Na pós-modernidade, com a queda do pai, não só nos deparamos com o retorno dos particularismos, excluídos pela lógica moderna, senão que também nos encontramos com uma ordem que não dispõe do universal moderno para incluir excluindo as diferenças. Portanto, o único recurso que esta nova ordem encontra para se preservar é a segregação do diferente, e a única “lei” de ferro que a garante ela a encontra no campo de concentração.[1] Isto não impede que, além da segregação contemporânea e os muros que a defendem, surjam vozes em defesa dos direitos humanos. Mas o paradoxal destas vozes é que não sustentam o direito a um gozo Outro, senão que exigem uma justiça distributiva do objeto técnico. O imperativo que os comanda é gozo para todos, mas gozo extraviado no objeto técnico. . Eduardo Riaviz - Modernidade, pós-modernidade e  fundamentalismo (uma leitura lacaniana)

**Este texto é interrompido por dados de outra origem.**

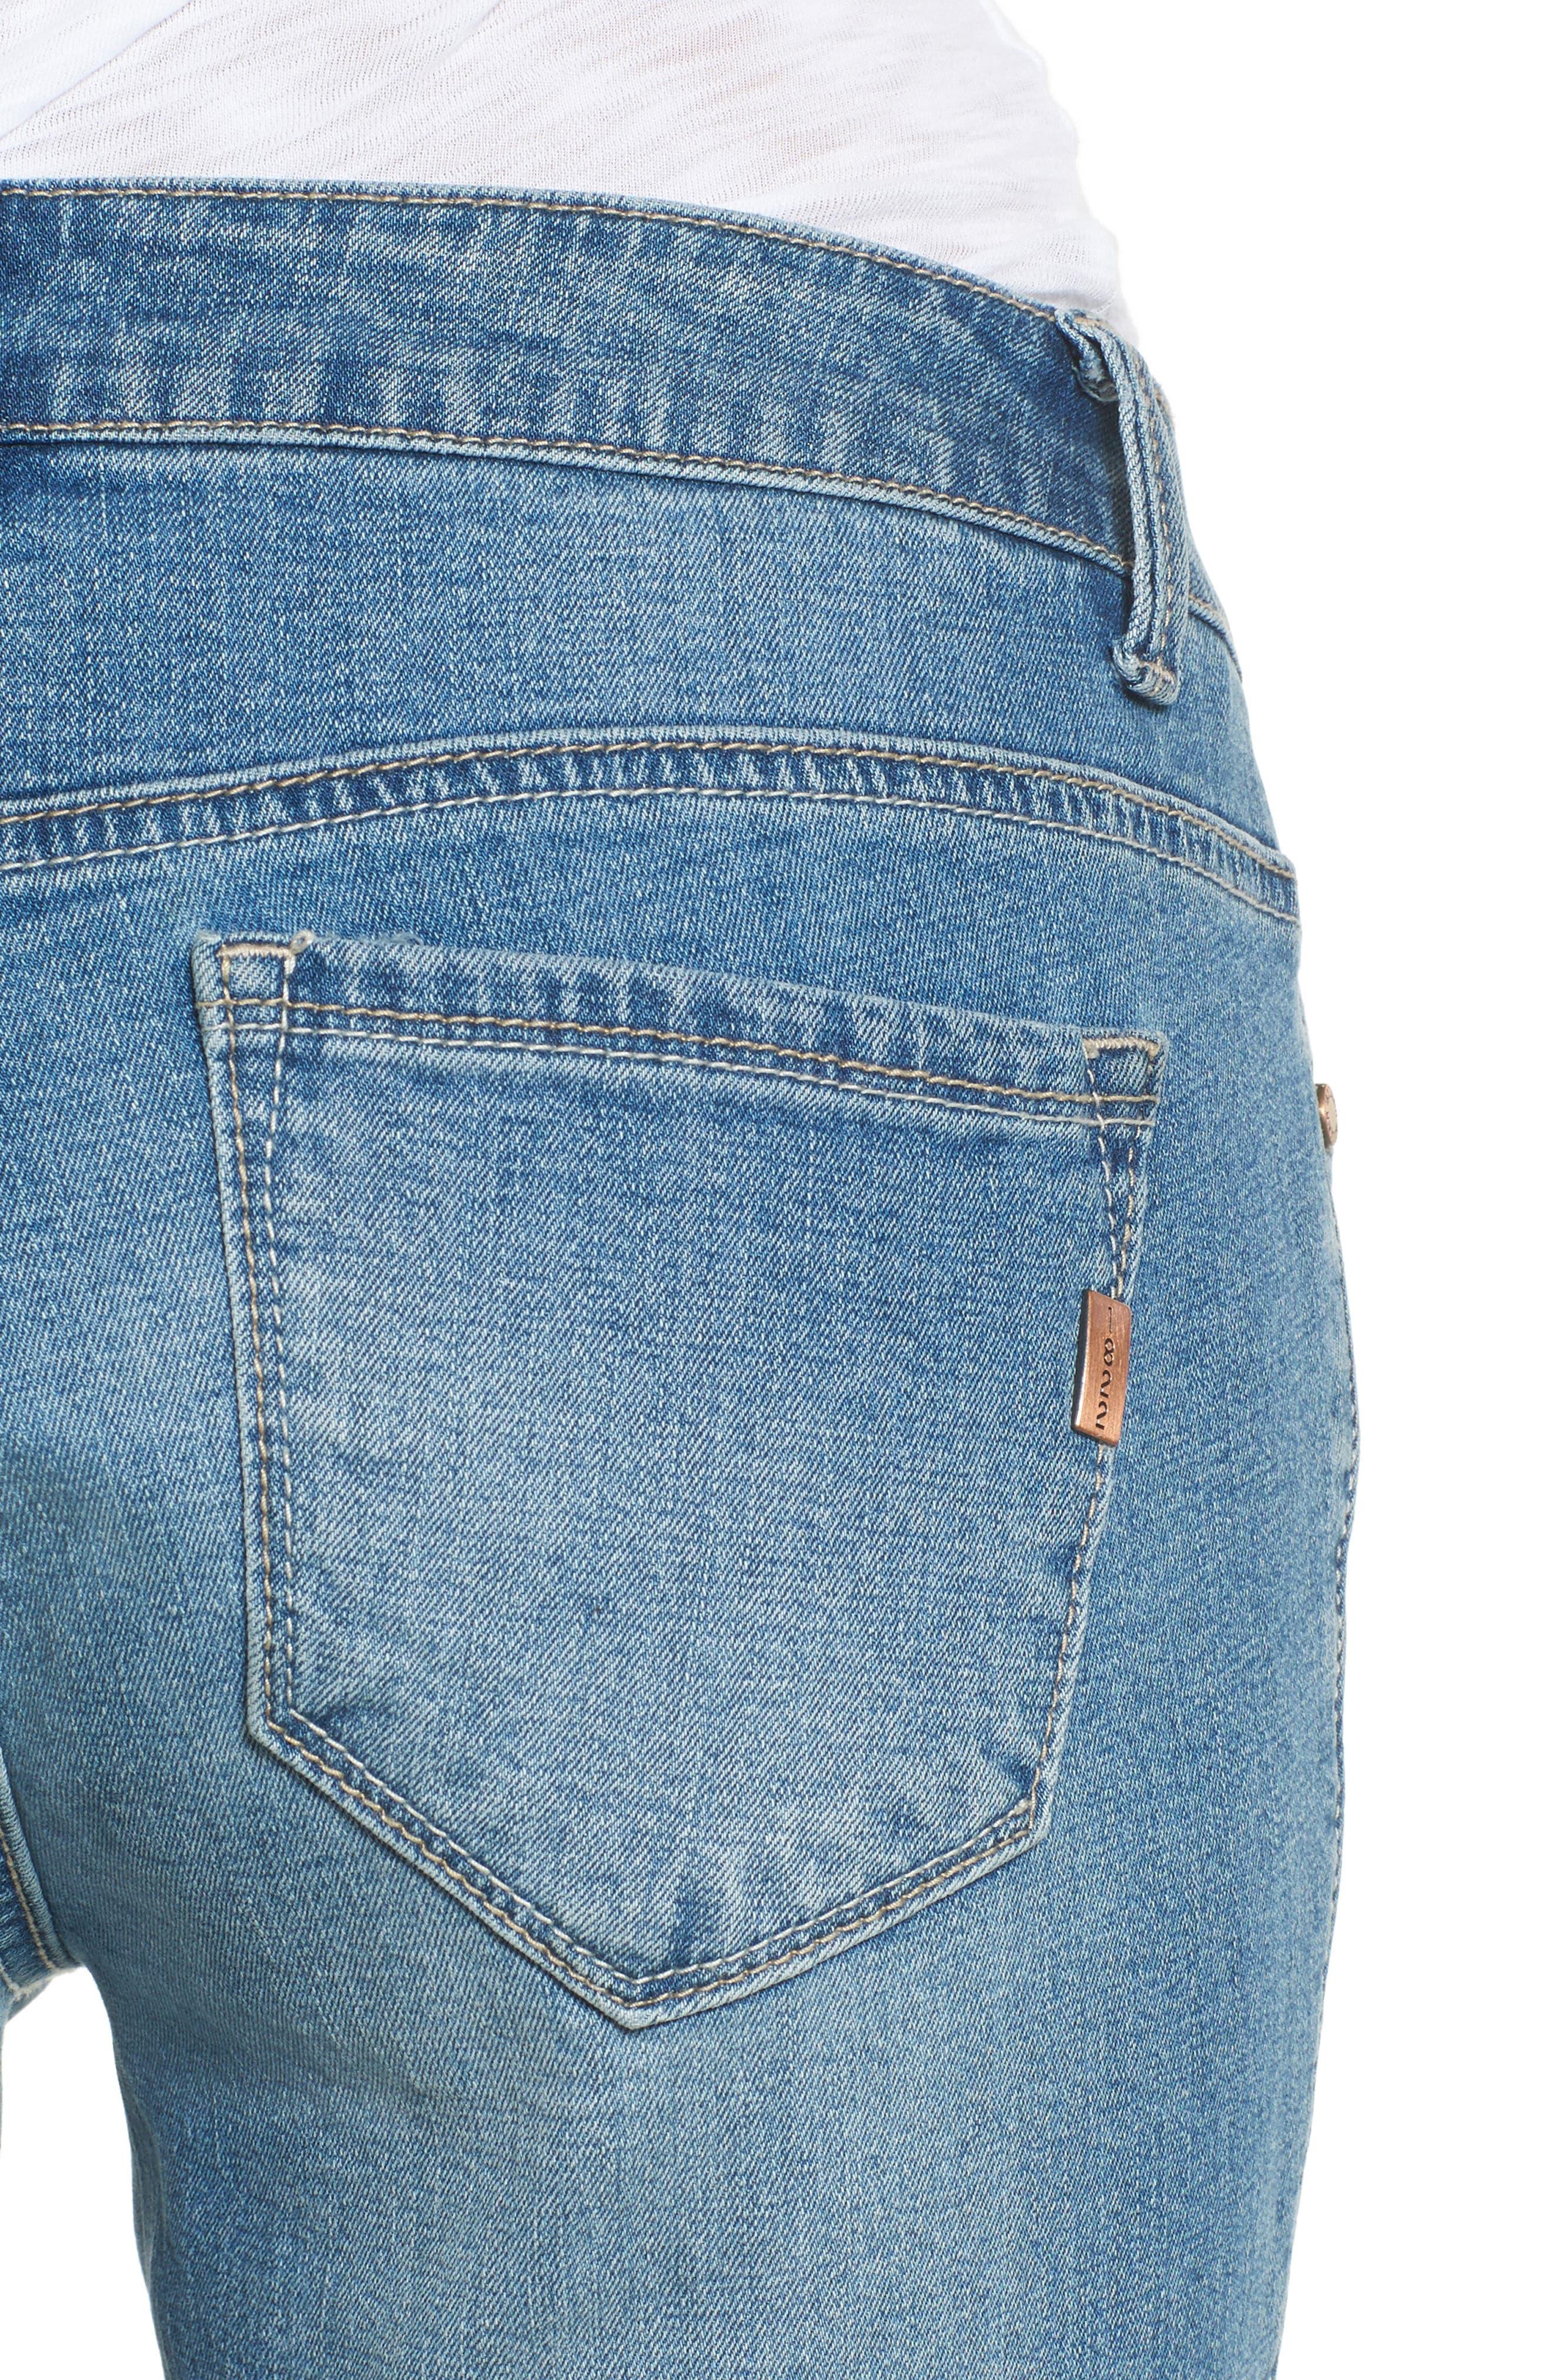 Rip & Repair Ankle Skinny Jeans,                             Alternate thumbnail 4, color,                             Pearl Jam

Vivemos em tempos caracterizados pelos excessos, onde o gozo toma o lugar dos ideais , das bandeiras. Ser professor ‘educado’ na escola antiga, a do esforço na busca dos objetivos em longo prazo, é difícil, pois temos uma juventude ‘educada’ na escola das facilidades e do não esforço. Pode-se perguntar qual a saída para os professores para conter suas angústias e suas questões? Será que existe resposta para estas questões?

  

REFERENCIAS BIBLIOGRÁFICAS

DOR, J. Introdução à leitura de Lacan: O inconsciente estruturado na linguagem. Tradução de Carlos Eduardo Reis; Supervisão técnica da tradução de Cláudia Corbisier, Porto Alegre: Artes Médicas, 1989. 203 p.

_______. Introdução à leitura de Lacan: Estrutura do sujeito. Tradução de Patrícia Chittoni Ramos; Supervisão técnica de Francisco Franke Settineri, Porto Alegre: Artes Médicas Sul, 1995. 2v. 258 p.

FREUD, S. Edição Standard Brasileira das Obras Psicológicas Completas de Sigmund Freud. Rio de Janeiro: Imago, 1976.

REIS, AYRTON REIS, et all. Onde se Esconde o Desejo de Aprender do Aluno. Available from: http://www.ufsm.br/lec/01_01/Ayrton-OrionL5.htm. Acess on: 01 NOV 2011.

SANTOS, Fanoel Messias dos. A transferência e o fracasso escolar. In: COLOQUIO DO LEPSI IP/FE-USP, 5., 2004, São Paulo. Available from: <http://www.proceedings.scielo.br/scielo.php?script=sci_arttext&pid=MSC0000000032004000100026&lng=en&nrm=abn>. Acess on: 30 OUT. 2011
RIAVIZ, Eduardo - Modernidade, Pós-Modernidade e  Fundamentalismo (Uma Leitura Lacaniana).